Дверь открылась не сразу, и появилась Рут, полная, высокая, в клетчатой пижаме и с мокрыми волосами, завязанными в высокий пучок. На Лэйси так и пахнуло жаром из открытых дверей. По кончикам пальцев, по растрескавшимся губам.
– Доброе утро. Хотела узнать, не могу ли я помочь вам убрать сад?
Рут Грин так на нее уставилась, как будто у нее не было зубов.
– Ну знаете, подрезать кусты, собрать листья. Вычистить водостоки, если у вас есть стремянка.

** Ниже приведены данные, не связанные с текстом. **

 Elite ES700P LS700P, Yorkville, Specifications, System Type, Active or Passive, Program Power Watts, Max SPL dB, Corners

Тут она поняла, что надо было переодеть тапочки и халат, надеть хорошую рубашку, ботинки, одеться как женщина, которая работает.
Рут Грин цокнула языком.
– Зачем мне платить за уборку сада, если через пару недель он покроется льдом?
Лэйси вдруг подумала, а знает ли эта медсестра с ее ярким светом, с ее теплым домом и нянькой, которая присматривает за сыном, пока ее нет, что значит иметь мужа и любить его всеми фибрами души.

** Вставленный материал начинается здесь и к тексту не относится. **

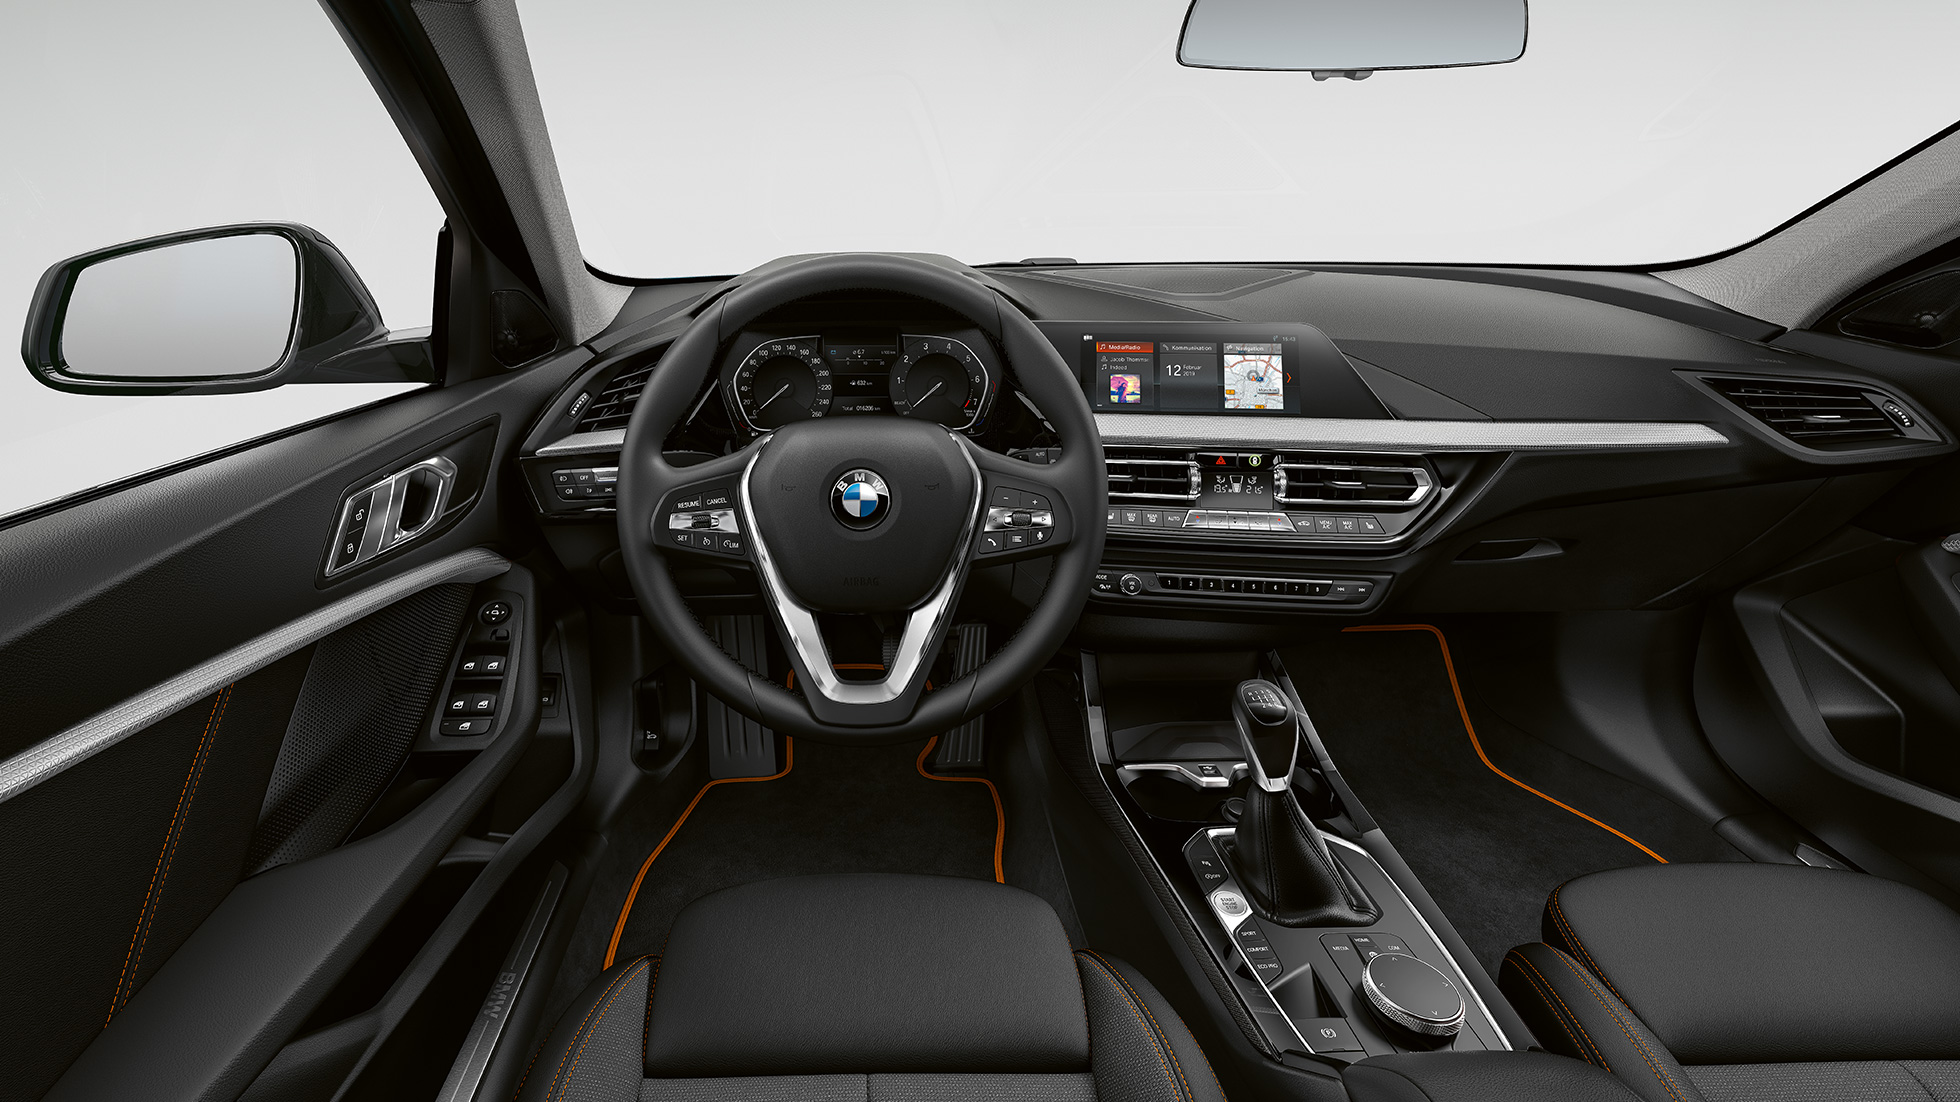 BMW 118i interior - Cockpit

– У меня осталось пятнадцать процентов пропана. Может, уже десять.
– Этого вам хватит до понедельника, когда приедет грузовик. Дать вам их номер?
Лэйси объяснила, что у ее младшей температура, ей всего пять. Они как-то обходятся без Робби, речь только об отоплении.
Рут скрестила руки.
– Понимаете, мы – мы все работаем. И не зависим от правительства или от какого-нибудь мужа.

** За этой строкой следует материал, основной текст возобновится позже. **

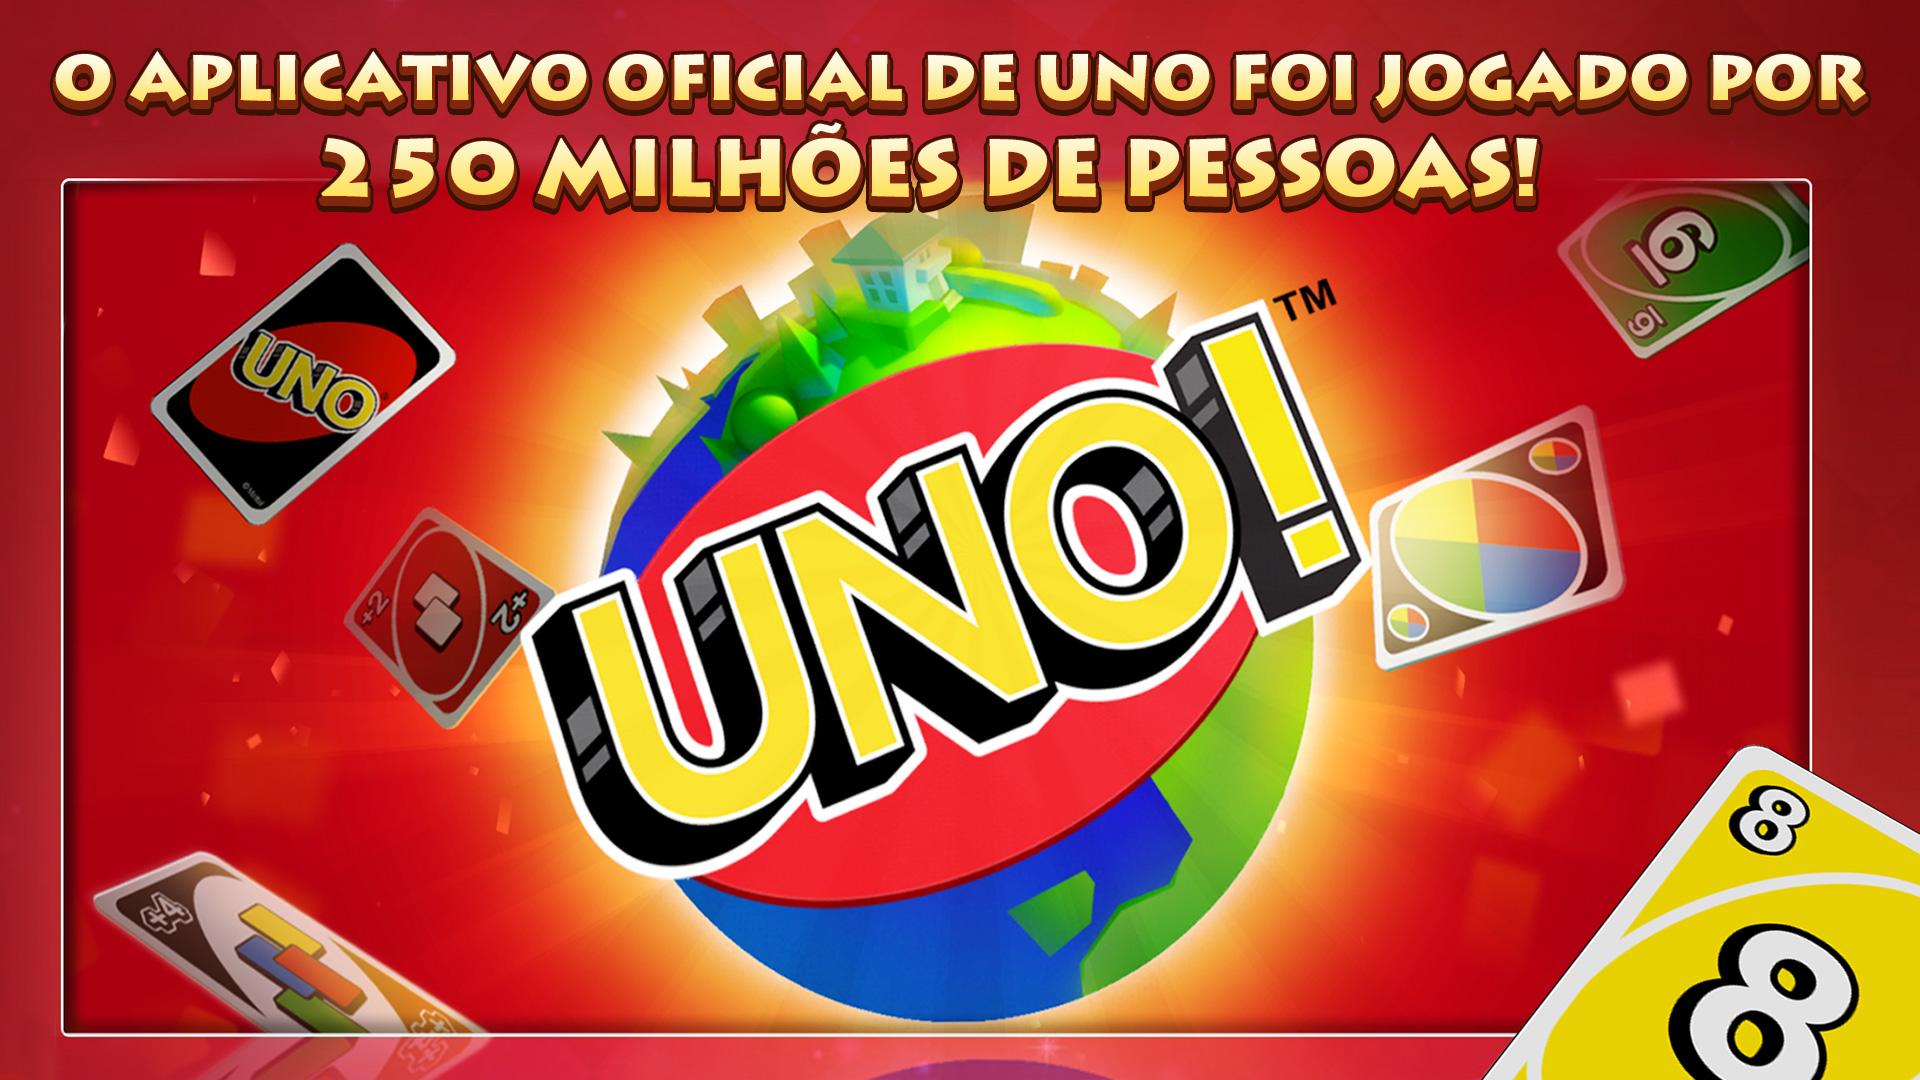 Uno & Friends: como jogar o divertido game de cartas para smartphones

– Может, вы могли бы одолжить мне несколько галлонов из вашего баллона? Мы протянем.
– Если вы ждете от меня жалости, то зря. Не вы одна вышли за очередного пройдоху, который даже не может позаботиться о своих детях.
– Он не виноват. У него химический дисбаланс…
– У всех у них дисбаланс, – сказал Рут и стала закрывать дверь.
Лэйси уперлась в дверь рукой.
– У меня дети замерзают.
– Добро пожаловать в настоящую жизнь, милочка. А чего вы ждали?
– Пожалуйста.
– Выкрутитесь – это мы, женщины, умеем.
– Тупая пизда.
Медсестра захлопнула дверь.
Лэйси яростно зашагала обратно через лесок, специально наступая на хрустящие ветки. Приблизившись к дому, она услышала, что звонит телефон. Она побежала, чтобы успеть подойти.
– Робби?
Это была школьная медсестра. Диану опять вырвало в автобусе, ее надо забрать домой. Не могла бы Лэйси за ней приехать? Всю дорогу до школы Лэйси трясло.
Выложила все Маргарита. Когда учительница спросила, почему она все время кладет голову на парту, она сказала, что плохо спала, потому что у них дома зима. А поскольку Диану вырвало в автобусе, сложить два и два было легко.
– Я еще не придумала, как быть, – сказала Лэйси в кабинете директрисы.
Директриса покачала головой и спросила, что у них происходит. Лэйси и не подумала, что они не в курсе. Разве суд не должен был написать школе письмо? Неужели власти не должны были избавить ее от этого унижения?
– Мой муж под наркотиками угнал полицейскую машину. Не черно-белую, как у шерифа, обычную. Просто машину какого-то копа. Она стояла перед баром где-то в центре. Он не знал.
– Мне очень жаль, миссис Вентура, – сказала директриса. – Но в понедельник мне придется что-то предпринять. Даю вам выходные.
Лэйси обошла классы и забрала всех девочек. Домой ехали молча: сперва через улицы с рядами домов в городе, затем через поля с заброшенными амбарами, через железнодорожные пути, перед которыми пришлось остановиться, чтобы пропустить поезд.